### Exercise requirements
There is material below. Print exactly the lines starting at the line with "uxcore.dll 文件丢失？。 适用于" and ending at the line with "Glatter Auslöser an", ends included, and no others.
= = = =
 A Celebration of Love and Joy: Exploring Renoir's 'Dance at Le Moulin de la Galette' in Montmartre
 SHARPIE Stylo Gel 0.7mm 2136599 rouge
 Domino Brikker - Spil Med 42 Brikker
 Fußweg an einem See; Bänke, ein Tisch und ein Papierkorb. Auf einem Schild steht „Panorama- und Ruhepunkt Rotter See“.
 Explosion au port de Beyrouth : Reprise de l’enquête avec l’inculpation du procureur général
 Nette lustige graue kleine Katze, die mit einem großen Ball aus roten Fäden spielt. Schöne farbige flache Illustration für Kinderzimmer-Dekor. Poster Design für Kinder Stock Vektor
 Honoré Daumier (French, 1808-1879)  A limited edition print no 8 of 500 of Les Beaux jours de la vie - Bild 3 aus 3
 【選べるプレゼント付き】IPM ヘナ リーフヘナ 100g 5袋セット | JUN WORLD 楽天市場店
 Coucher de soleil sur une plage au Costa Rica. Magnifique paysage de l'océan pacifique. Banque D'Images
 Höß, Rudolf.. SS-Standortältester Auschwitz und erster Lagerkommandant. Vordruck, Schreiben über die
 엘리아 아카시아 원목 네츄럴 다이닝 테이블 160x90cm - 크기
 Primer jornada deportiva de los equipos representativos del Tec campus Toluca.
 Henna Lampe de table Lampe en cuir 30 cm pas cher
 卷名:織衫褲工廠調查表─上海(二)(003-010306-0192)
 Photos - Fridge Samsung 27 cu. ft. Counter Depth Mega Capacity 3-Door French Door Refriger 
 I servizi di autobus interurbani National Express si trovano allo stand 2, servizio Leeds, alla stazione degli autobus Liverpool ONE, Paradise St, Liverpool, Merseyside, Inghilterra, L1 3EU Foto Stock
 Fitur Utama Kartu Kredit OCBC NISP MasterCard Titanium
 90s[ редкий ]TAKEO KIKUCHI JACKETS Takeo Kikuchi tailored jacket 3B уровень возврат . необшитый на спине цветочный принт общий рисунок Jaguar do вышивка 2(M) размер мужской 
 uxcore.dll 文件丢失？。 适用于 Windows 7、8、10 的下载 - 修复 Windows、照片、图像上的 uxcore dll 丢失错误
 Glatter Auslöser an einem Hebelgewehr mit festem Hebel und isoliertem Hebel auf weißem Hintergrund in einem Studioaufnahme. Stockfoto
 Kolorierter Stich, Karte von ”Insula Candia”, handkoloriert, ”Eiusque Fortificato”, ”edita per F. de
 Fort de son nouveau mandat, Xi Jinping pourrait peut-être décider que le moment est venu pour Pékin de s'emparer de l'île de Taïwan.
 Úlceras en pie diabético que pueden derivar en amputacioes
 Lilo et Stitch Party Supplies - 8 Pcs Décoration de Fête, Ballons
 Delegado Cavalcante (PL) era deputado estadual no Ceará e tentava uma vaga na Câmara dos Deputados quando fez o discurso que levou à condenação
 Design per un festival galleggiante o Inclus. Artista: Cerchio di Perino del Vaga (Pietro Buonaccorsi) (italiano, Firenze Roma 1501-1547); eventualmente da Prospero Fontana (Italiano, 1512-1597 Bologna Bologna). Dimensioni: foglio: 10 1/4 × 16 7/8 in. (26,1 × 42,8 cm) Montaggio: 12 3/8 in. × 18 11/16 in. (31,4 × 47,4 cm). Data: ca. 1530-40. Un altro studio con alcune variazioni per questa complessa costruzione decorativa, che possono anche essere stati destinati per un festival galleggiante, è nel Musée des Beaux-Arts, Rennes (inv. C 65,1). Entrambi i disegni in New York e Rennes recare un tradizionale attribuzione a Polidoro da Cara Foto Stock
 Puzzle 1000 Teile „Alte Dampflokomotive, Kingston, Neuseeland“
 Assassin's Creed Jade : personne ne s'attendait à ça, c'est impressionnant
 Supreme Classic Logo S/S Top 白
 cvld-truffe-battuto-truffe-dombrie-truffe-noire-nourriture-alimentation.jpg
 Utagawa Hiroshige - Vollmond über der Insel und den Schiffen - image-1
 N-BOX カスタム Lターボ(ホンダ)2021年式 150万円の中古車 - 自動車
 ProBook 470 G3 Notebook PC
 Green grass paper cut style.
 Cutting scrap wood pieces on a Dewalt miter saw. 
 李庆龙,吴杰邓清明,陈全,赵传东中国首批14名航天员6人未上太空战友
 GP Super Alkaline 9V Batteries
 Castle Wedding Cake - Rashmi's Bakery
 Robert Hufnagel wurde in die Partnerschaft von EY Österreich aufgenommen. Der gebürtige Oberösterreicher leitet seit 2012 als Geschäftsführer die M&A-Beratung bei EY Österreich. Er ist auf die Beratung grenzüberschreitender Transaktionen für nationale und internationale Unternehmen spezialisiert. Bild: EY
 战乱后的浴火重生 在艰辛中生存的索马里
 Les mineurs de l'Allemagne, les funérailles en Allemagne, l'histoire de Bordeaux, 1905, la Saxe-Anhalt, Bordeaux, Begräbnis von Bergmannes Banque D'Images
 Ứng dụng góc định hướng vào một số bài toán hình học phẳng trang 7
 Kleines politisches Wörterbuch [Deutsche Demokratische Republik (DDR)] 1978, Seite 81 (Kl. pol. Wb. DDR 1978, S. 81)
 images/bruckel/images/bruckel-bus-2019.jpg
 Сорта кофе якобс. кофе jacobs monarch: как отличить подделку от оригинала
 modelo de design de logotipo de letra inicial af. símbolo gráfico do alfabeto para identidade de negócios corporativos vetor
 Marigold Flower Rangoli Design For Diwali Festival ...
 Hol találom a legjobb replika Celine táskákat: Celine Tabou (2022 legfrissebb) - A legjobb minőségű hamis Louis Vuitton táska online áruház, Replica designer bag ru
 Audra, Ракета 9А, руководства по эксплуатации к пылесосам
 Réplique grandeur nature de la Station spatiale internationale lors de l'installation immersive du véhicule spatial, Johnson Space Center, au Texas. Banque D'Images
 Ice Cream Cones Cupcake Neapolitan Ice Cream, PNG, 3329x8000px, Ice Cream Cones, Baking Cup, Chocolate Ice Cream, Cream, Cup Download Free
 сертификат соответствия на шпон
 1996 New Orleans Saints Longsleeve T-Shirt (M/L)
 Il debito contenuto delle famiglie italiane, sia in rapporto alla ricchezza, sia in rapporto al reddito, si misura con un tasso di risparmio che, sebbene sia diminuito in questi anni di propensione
= = = =
### Solution to the exercise
 uxcore.dll 文件丢失？。 适用于 Windows 7、8、10 的下载 - 修复 Windows、照片、图像上的 uxcore dll 丢失错误
 Glatter Auslöser an einem Hebelgewehr mit festem Hebel und isoliertem Hebel auf weißem Hintergrund in einem Studioaufnahme. Stockfoto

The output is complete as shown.